I love podcasts, which (in case I haven’t mentioned it in the last five minutes) is why I started my own, but a recent favorite discovery has been The Classical Top 5 Podcast. There’s actually been some cross-pollination, in that Richard Bratby, a Birmingham-based musician, critic, and writer, has come on the Gabfest twice now (and I hope continues coming back!)

But of course, the thing about listening to other people’s podcasts is you can’t interject in the conversation with what you want to say*, and that’s very frustrating, because I always have very much to say when I’m listening to the Classical Top 5, but thankfully I have this blog, so here we go.

The last episode was “Top 5 Most Shocking Moments in Music,” and it made for a great discussion, because each participant interpreted the brief in their own unique way. There were discussions of actual shocking moments within a piece of music (an unexpected bass drum hit, for example), shocking moments of discovery (the guest talked about rewinding the lead-up to the recap of the first movement of Mahler’s 2nd ten times after hearing it for the first time) and broader societal shocks (a lengthy discussion of why it’s so shocking that nothing had been done about the heinous acts that became #metoo revelations in the world of classical music, when it’s supremely obvious that people in high places had known about them for so long.)

Our friend Richard Bratby was a bit jaded about this whole topic — he noted that we’re constantly being told why certain pieces or moments are supposed to shock us, but but this point, audiences have heard it all.
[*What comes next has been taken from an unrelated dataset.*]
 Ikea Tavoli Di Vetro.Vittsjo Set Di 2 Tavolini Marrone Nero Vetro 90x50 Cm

What might once have shocked is now routine, and what now attempts to shock is greeted with boredom.

But it’s that very paradigm that led me to being genuinely shocked by a piece of music, and it will come as a shock to no one who knows me that it involves the music of Alfred Schnittke.

Soviet Composer Alfred Schnittke Was Born On This Day in 1934 [ON-THIS-DAY]
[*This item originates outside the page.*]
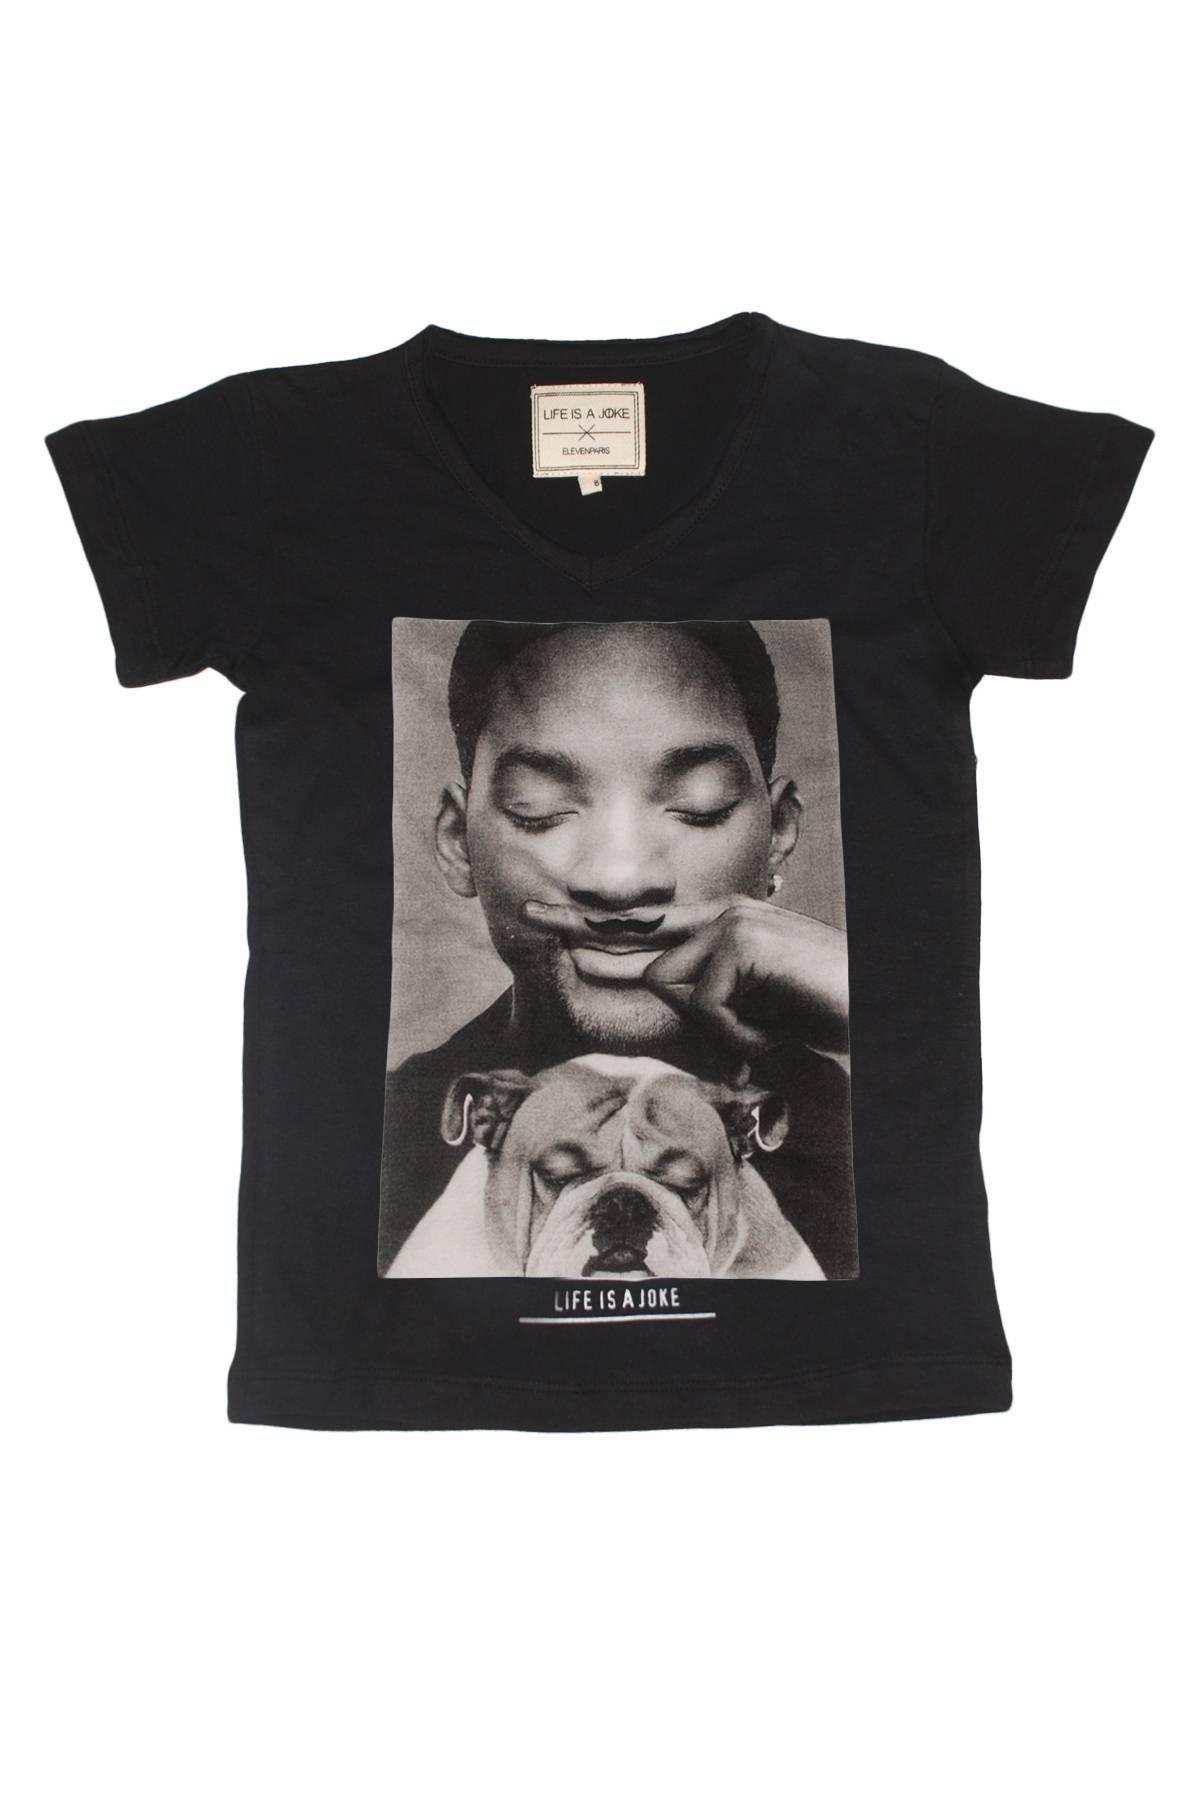 ELEVEN PARIS - little will - t-shirt will

I was in college when I learned about Schnittke from David M. Gordon, my theory TA and private composition teacher. Having been a classical music freak for all of high school, I was already well-versed in the broad narrative that supposedly encapsulated classical music history: music had been heading in a single direction for half a millennium, from simplicity to complexity, from consonance to dissonance. In the post-tonal world, music had reached apotheotic complexity with Boulez and the total serialists, whose music reflected the chaos and malaise of the modern world. Now (c. 2005) those trends were beginning to “reverse” and certain mild consonances could be tolerated in the way that certain mild dissonances were tolerated in the music of Josquin, as long as they followed a proscribed set of rules.

Then I heard Alfred Schnittke’s first concerto grosso.
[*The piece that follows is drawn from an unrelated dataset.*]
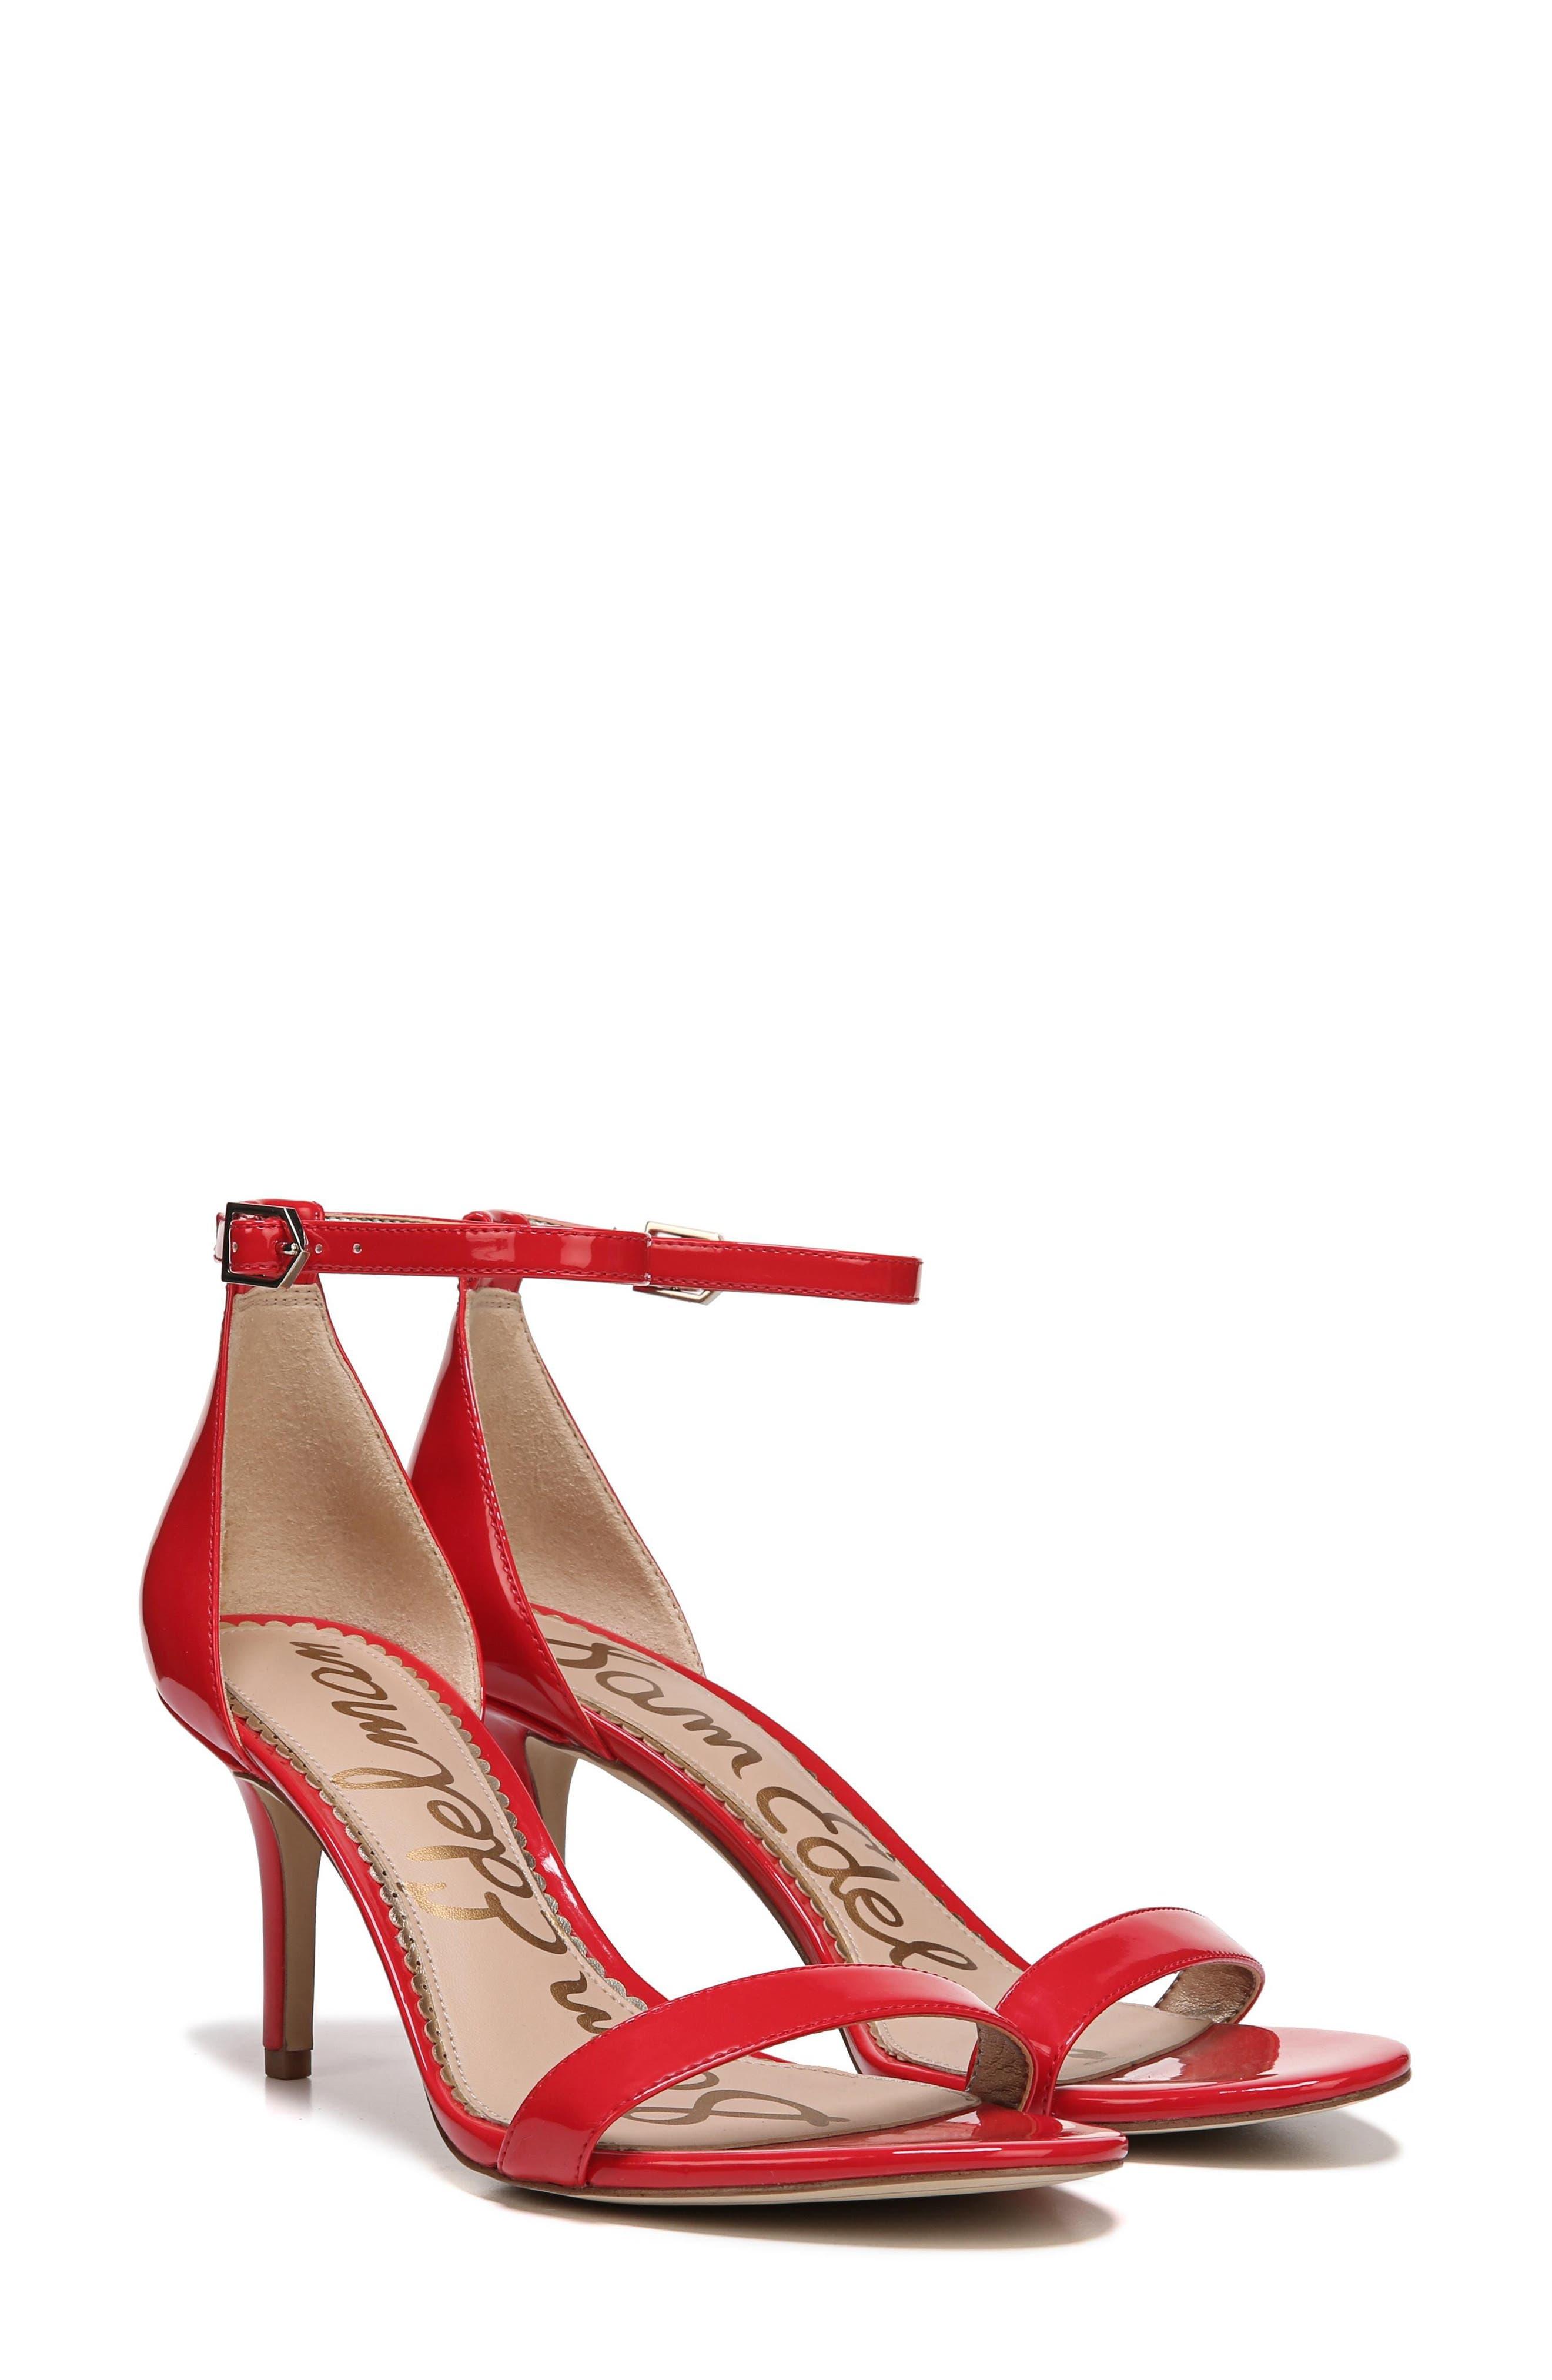 ,                             'Patti' Ankle Strap Sandal,                             Alternate thumbnail 120, color,                             606

The moment that shocked me more than any other — as I know it has done for countless listeners — is the end of the cadenza (18:30 in the above video). The two violin soloists have been abusing their instruments several minutes, instructed in the score to improvise the most complicated, dissonant jangle they can come up with. Then a rip in the fabric, a baroque cadence, and finally: the harpsichord.

An arpeggiated c-minor chord like black ink spilling from a jar, the likes of which you might hear in a scena from Don Giovanni or perhaps the entrance of Lestat in Interview with the Vampire. That was truly a shocking moment.

What came next didn’t shock any less. Here was music that COMPLETELY upended the narrative I had been told was true, music that actually did what the yawn-inducing music of Schoenberg and Stockhausen was supposed to do — it was bracingly dissonant, full of bitterness, rage, and turmoil, but it accomplished this using triads and tonality.

At that moment, it was plain as day: hundreds of composers had wasted decades of their lives, the entire output of their artistry and careers, studiously avoiding thirds and fifths only to produce screaming bores that intended to unsettle, but only nonplussed.

That was a musical shock that changed my life, and I’ve never looked back.

*Clubhouse is trying to solve for this problem, but I have yet to come across a conversation I’d want to participate in. The classical music “thought leaders” on that app have just scheduled their 3rd session about why classical music desperately needs to get on board with NFTs. Let me know if you need an invitation.